Why You Must Know the Difference Between 'Intended Use' and 'Indications for Use'

'Intended use' and 'indications for use' are two terms that are often mistakenly treated as interchangeable.

Jon Speer

April 25, 2017

6 Min Read
Why You Must Know the Difference Between 'Intended Use' and 'Indications for Use'

Jon Speer

The medical device industry is chock full of terminology and acronyms that are important to know and understand.

Two terms that are often a source of confusion (and often mistakenly treated as interchangeable) are "intended use" and "indications for use."

Product development engineers and regulatory professionals, this one's for you. Recently, I had a chat with Mike Drues, president of Vascular Sciences (speaking on the topic of designing device labeling at the MD&M East conference on June 14, 2017), about this topic, and we discussed advice for engineers dealing with it.

Here's what you need to know and should consider when developing your medical devices.

Why the Difference Matters

Imagine if you had a path to get to market faster, as long as you have your intended use and indications for use defined accurately? No one wants to get their terms in a tangle and put the timeliness of a product release and regulatory compliance at risk.

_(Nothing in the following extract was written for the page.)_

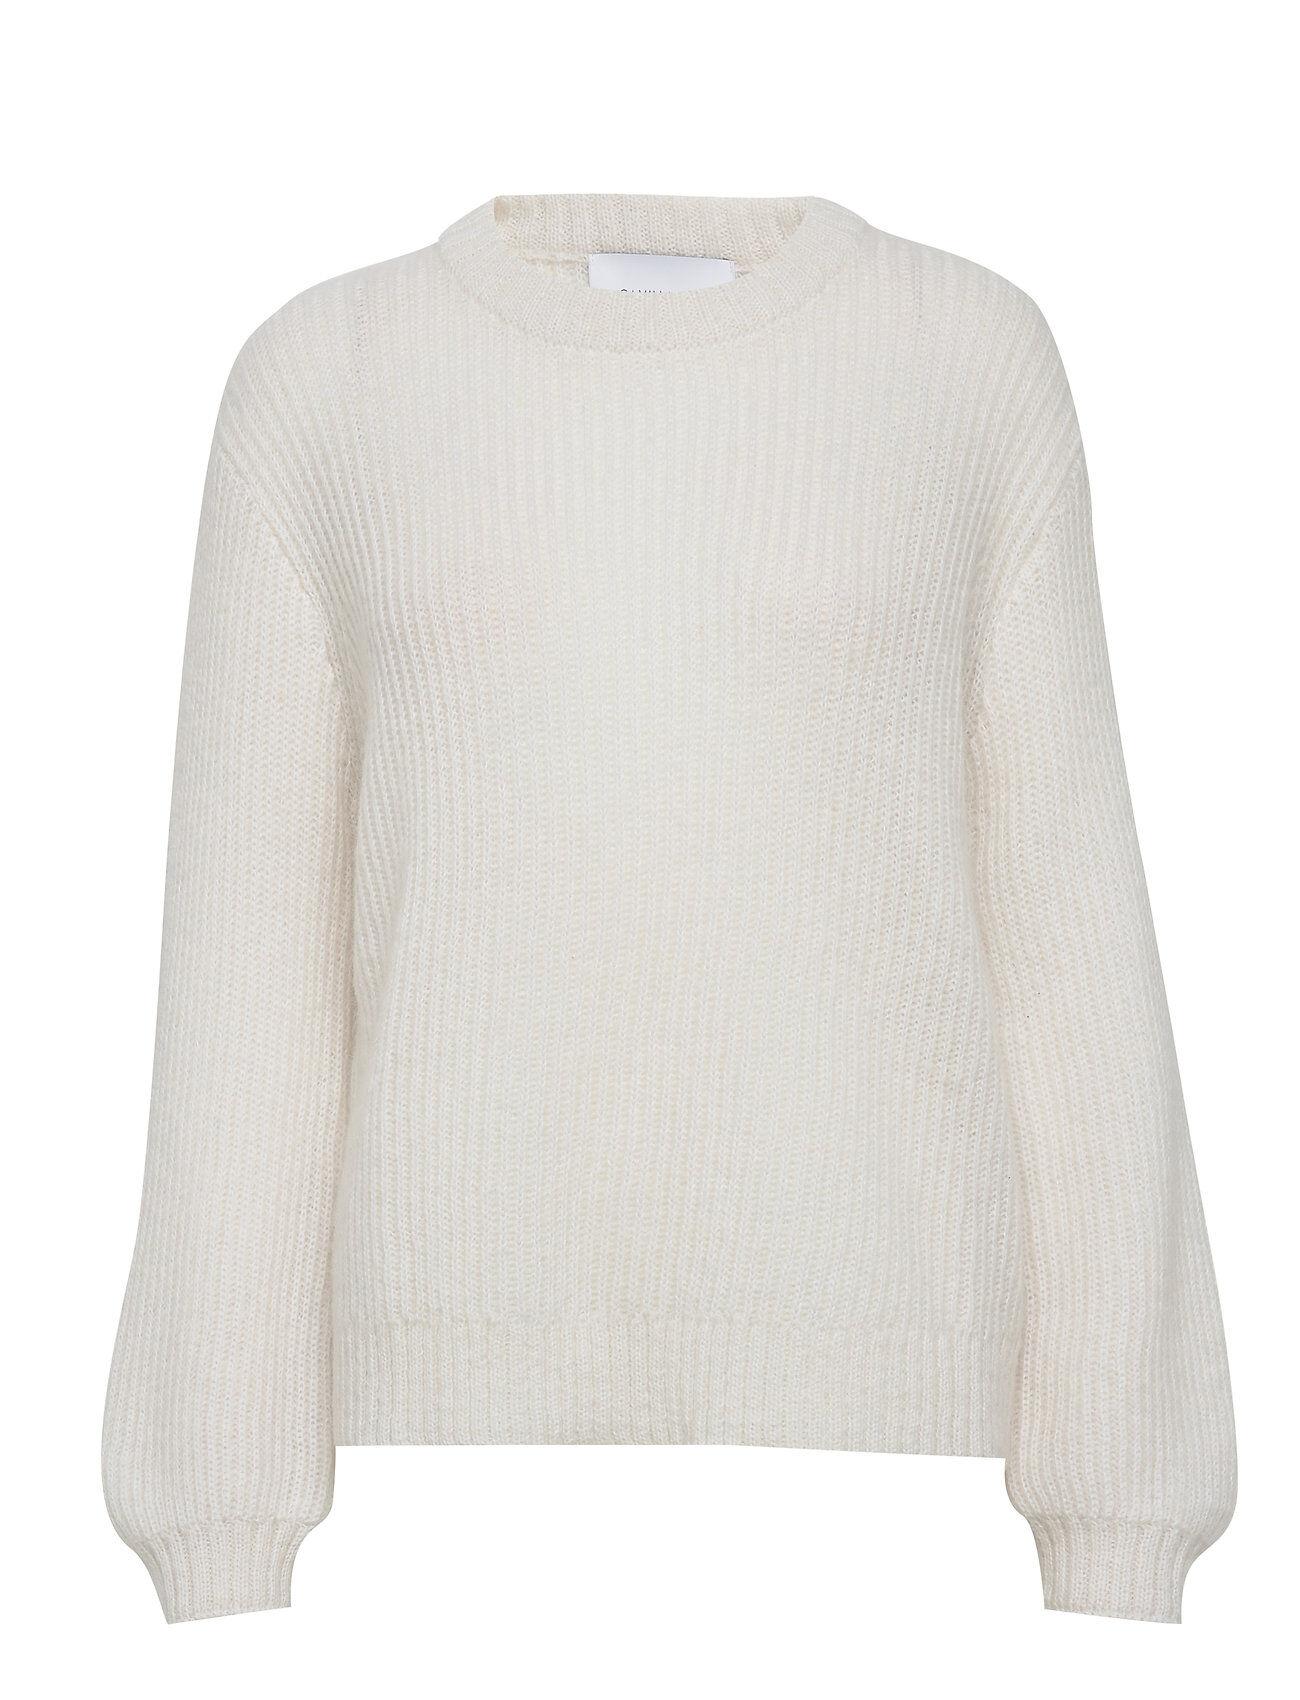 Camilla Pihl Madrid Sweater Neulepaita Valkoinen Camilla Pihl

There's another very important factor you should keep in mind: Your stated intended use will affect your regulatory product classification. Now, anyone who has dealt with classifications of medical devices will realize what a big deal this could be. "How is this medical device classifed?" is one of the first items you need to figure out as part of your regulatory strategy. There will be vast differences in terms of the burden placed on you depending on the classification.

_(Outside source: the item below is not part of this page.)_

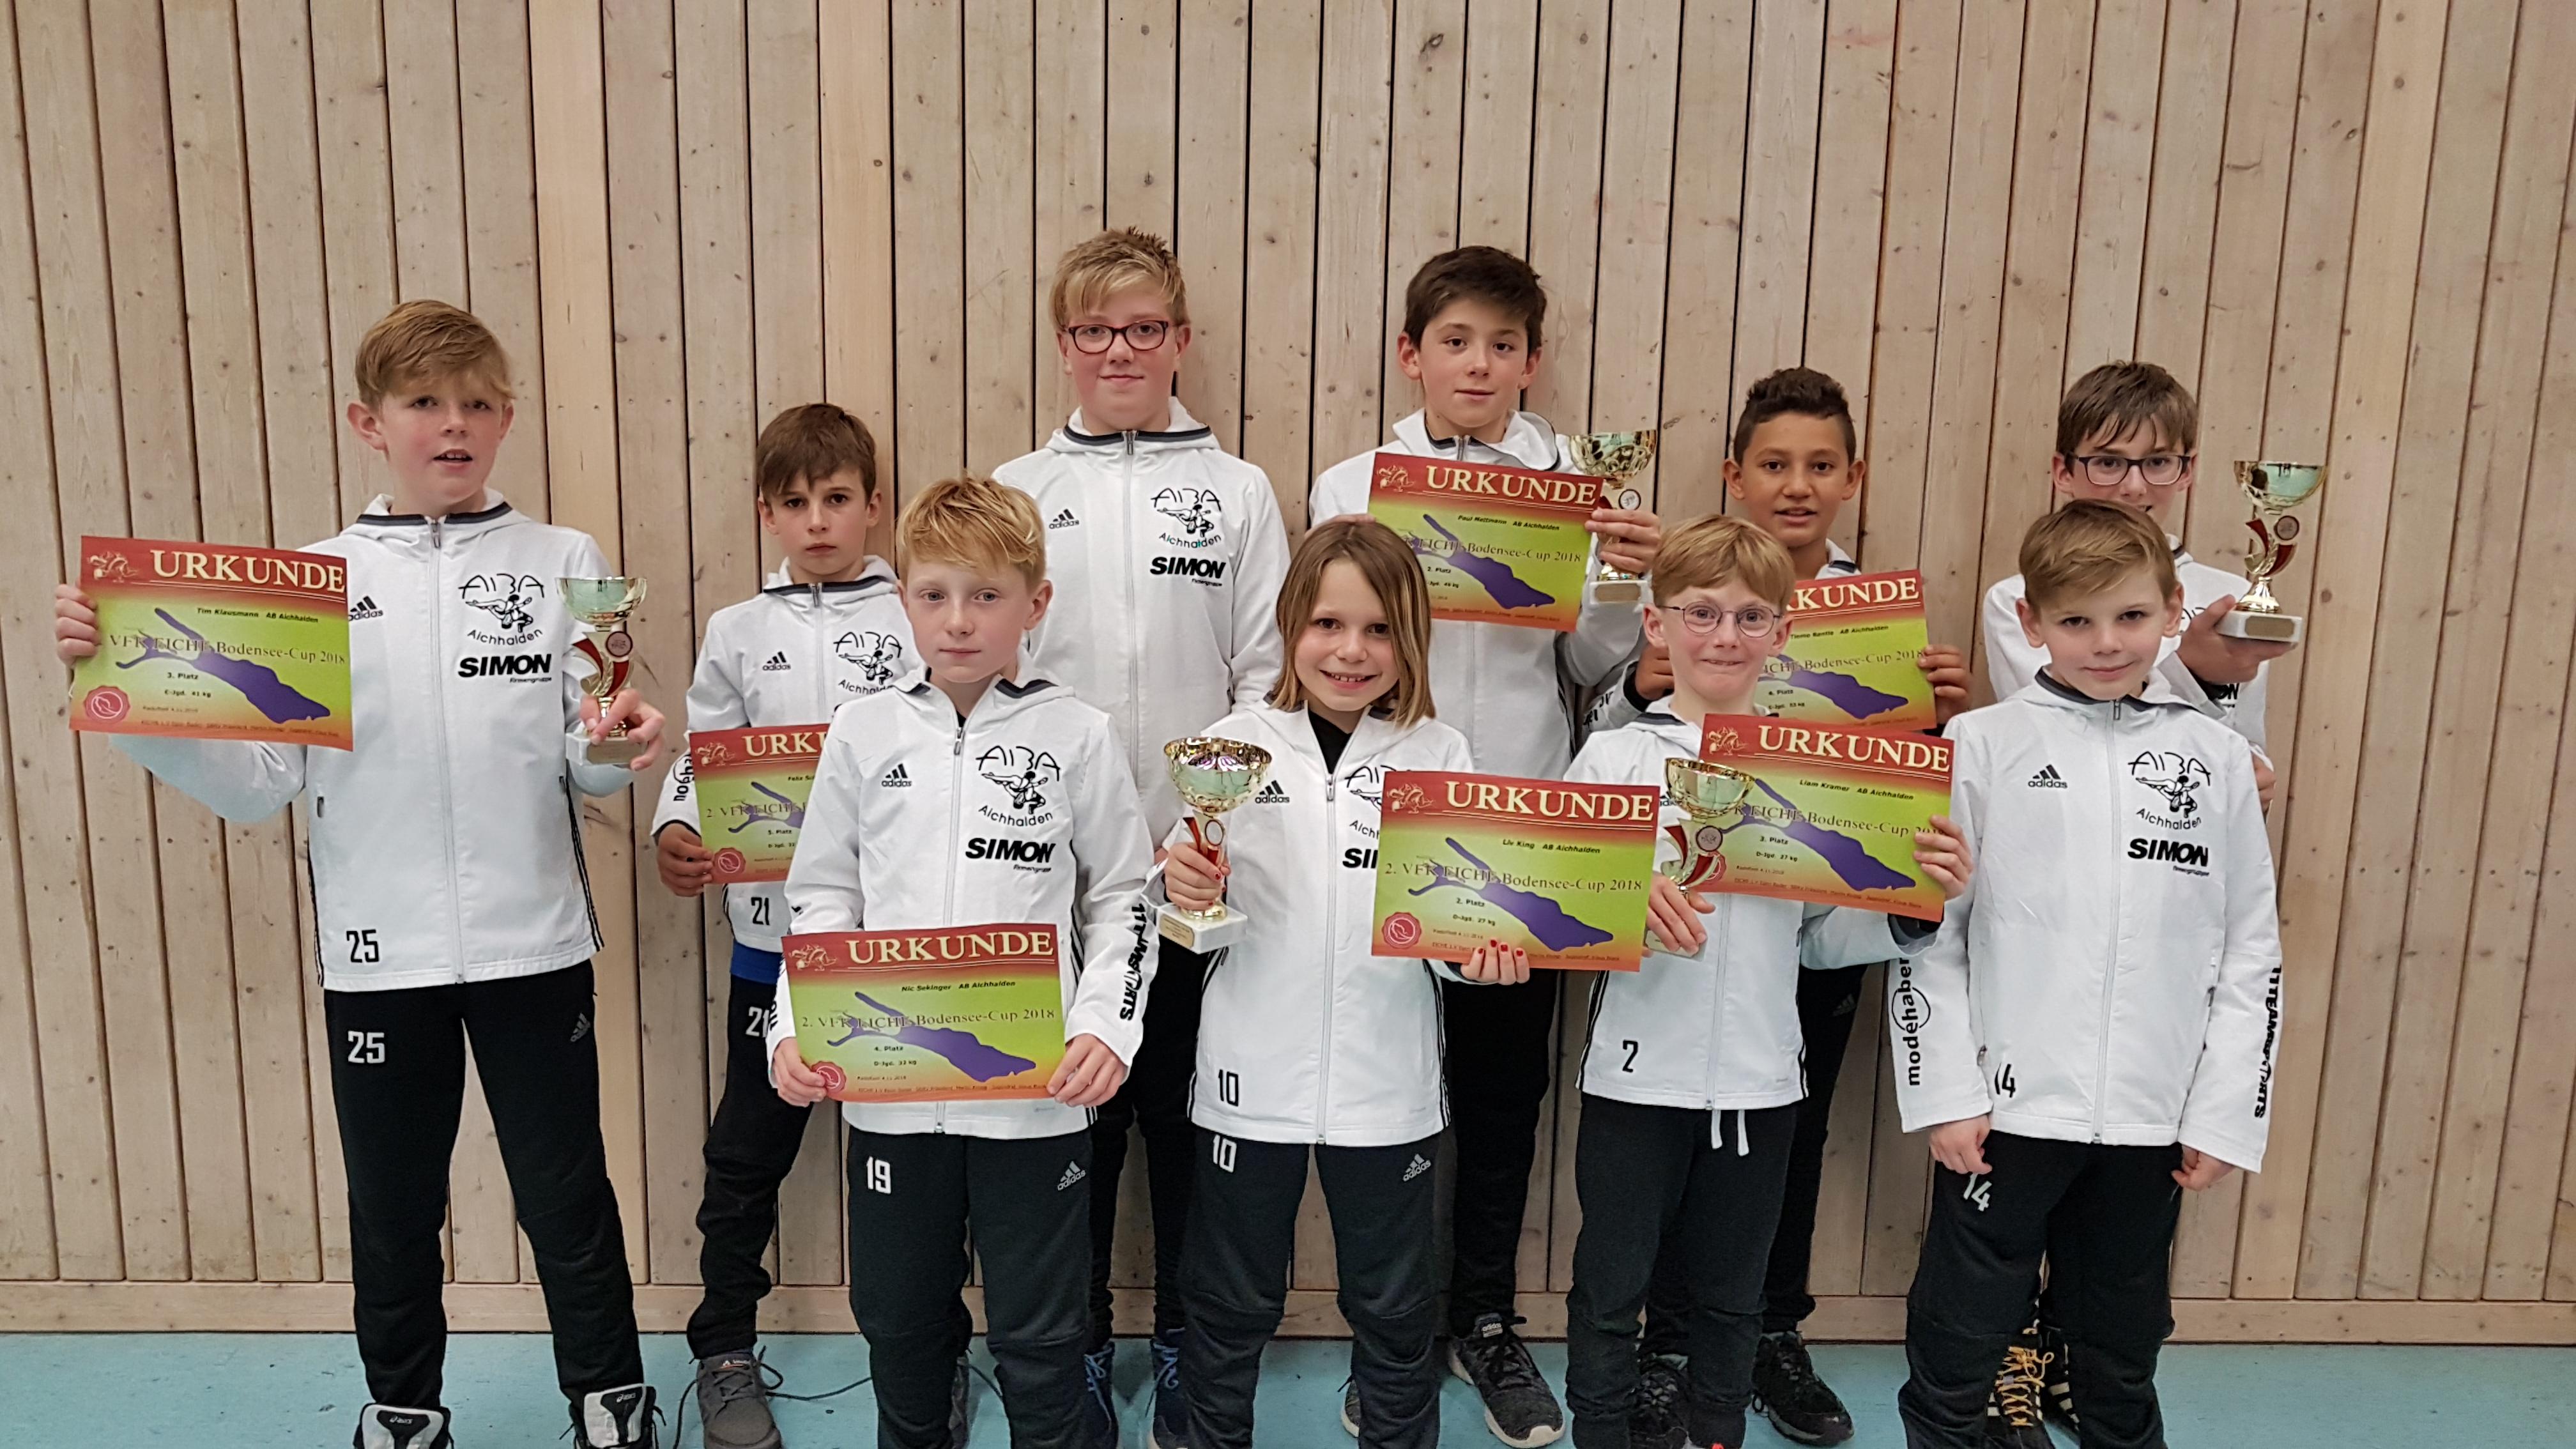 Bodensee Turnier in Radolfzell

As an example, let's say you've got a new scalpel you'd like to get to market. You'll find if its intended use is stated for cutting of flesh (in general terms), it will be a Class I device, yet if it is stated as being specifically for use on an eyeball, it will be Class III. This latter classification leads to a much greater risk to patients, higher regulatory burden--including possible clinical trials--and greater expense to get to market.

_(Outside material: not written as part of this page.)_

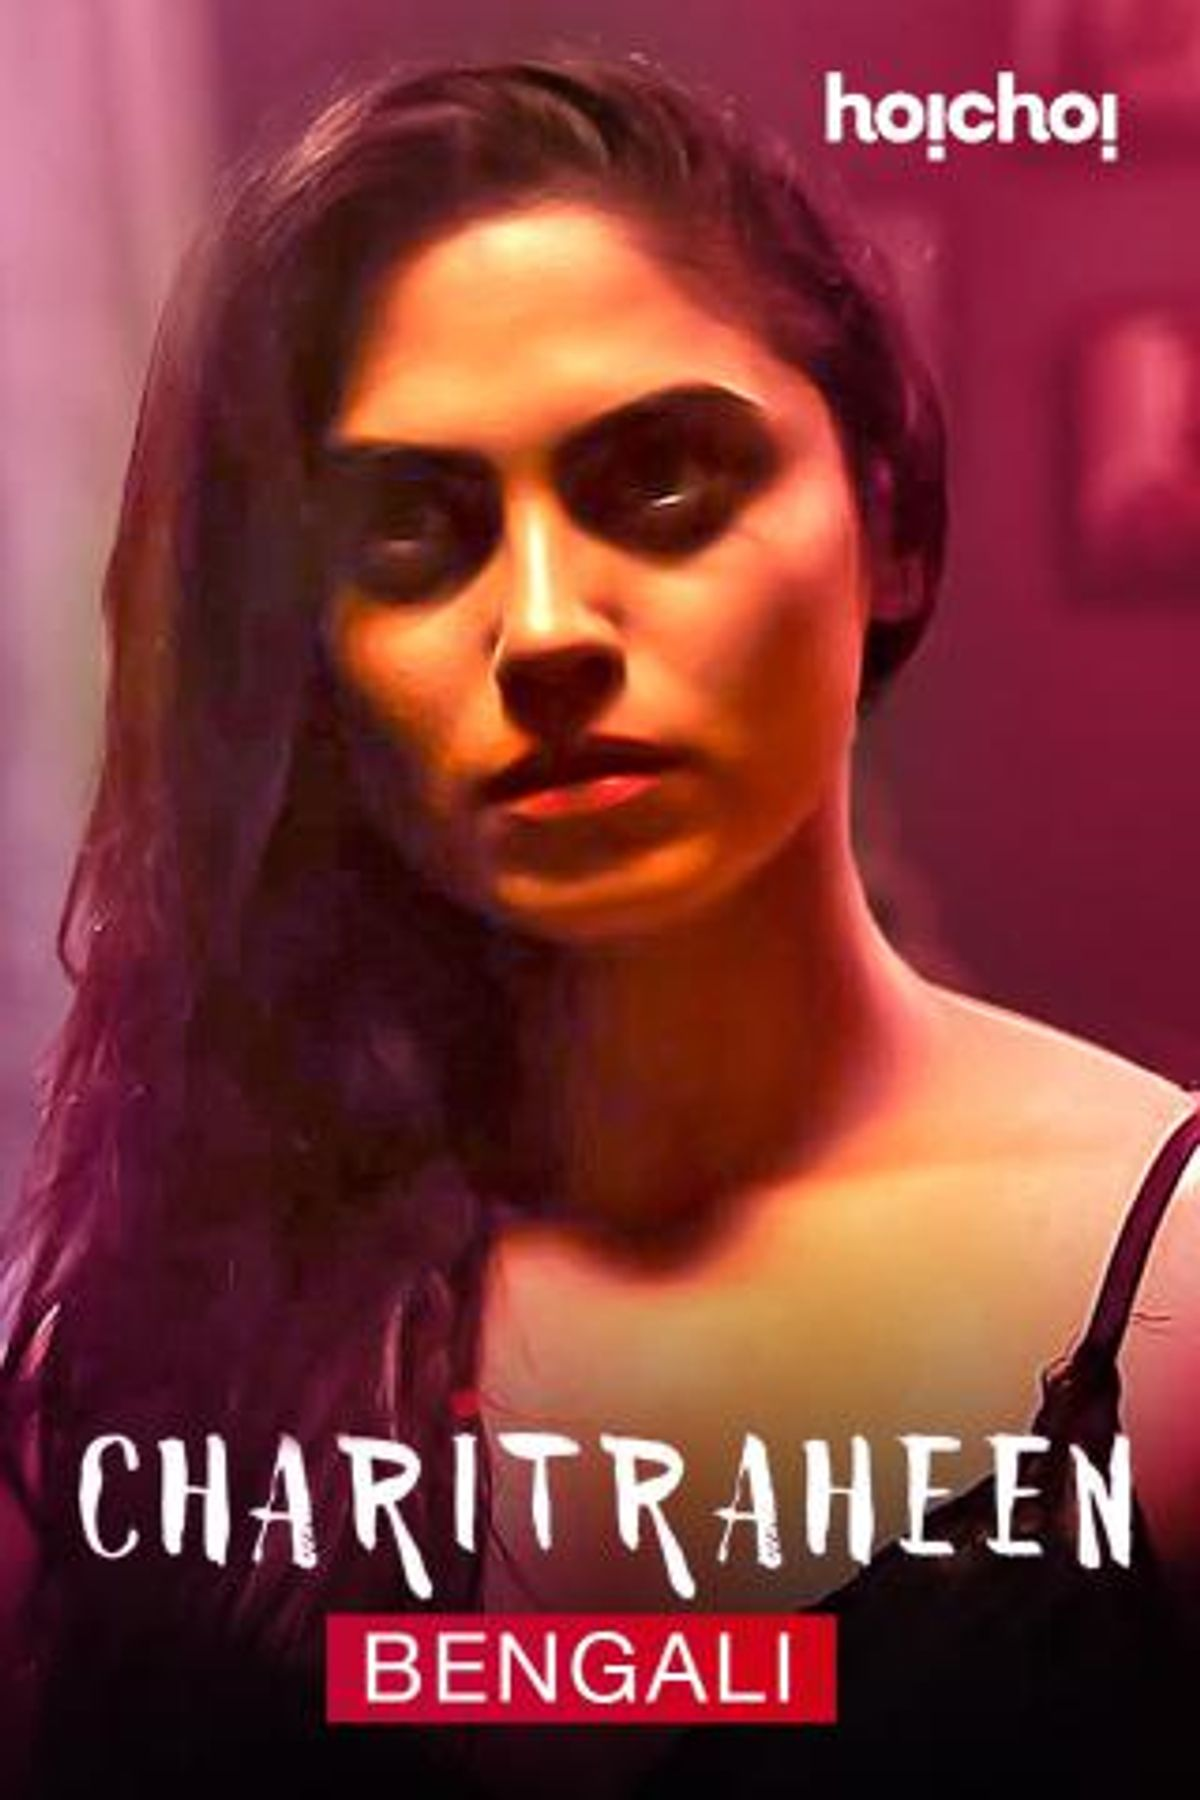 Charitraheen

Which brings us to "intended use" and "indications for use"...

What is 'Intended Use'?

"Intended use" is one of the most commonly used phrases, yet it's so often misunderstood. It is not what your device is designed to be used for or even what it could be used for. It's about what your label claims--what you say your device is meant to do.

As stated, the intended use you claim in labeling will affect the classification of your device. Most companies walk a balancing act there. For example, if it's about that scalpel, how can they bring it to market as Class I but somehow encourage surgeons to use it for that Class III use on the eyeball?

Another consideration is medical reimbursements. Codes for reimbursements work on a strict system and can lead to all sorts of regulatory headaches. Perhaps reimbursements won't be made unless the labeling says the scalpel should be used on the eye.

It's a bit of a conundrum for medical device manufacturers to work out, but we suggest you make reimbursements an early consideration in your development, along with regulatory and classification strategies. Ideally, you want to somehow strike a balance that satisfies them all. A simple, yet difficult solution, I know!

What are 'Indications for Use'?

Indications for use cover the reasons or situations in which someone would use the device. Under what conditions will the product be used? This is a term that is also commonly used in other areas, such as for classifying drugs and medications.

So, simply put:

Intended use = what you say on the label that the device is to be used for.

Indications of use = the conditions or reasons for using the device.

'Intended Use' and the 510(k)

FDA wants you to be very "to the point" about your stated intended use on your 510(k) submissions. This is more of a trend among assessors rather than a regulatory requirement; however, it can be burdensome on companies when it comes to labeling the product correctly.

You do have the right to push back if you see that something might be unjustified; however, you are best advised to pick your battles. It's not usually a good idea to be that "difficult" company. You might find that other elements are treated with additional scrutiny.

"Little words matter" is a mantra you should take up when designing your labeling. What are the nuances of the wording and how will the wording be interpreted? For example, we will often design five or six indications for use statements then perform an assessment on each one. You have to look at it from liability and reimbursement perspectives.

Each statement might have a different affect on design controls, risk management, and quality requirements. What you say about your product affects what you need to get done and may or may not add to your regulatory burden. It certainly affects your classification.

'Me Too' Strategy

Why do we see so many similar products out there on the market? One reason is the "me too" strategy. While I'm a huge advocate for, and a fan of, innovation in medical devices, let's face it, it's hard getting something brand new out there.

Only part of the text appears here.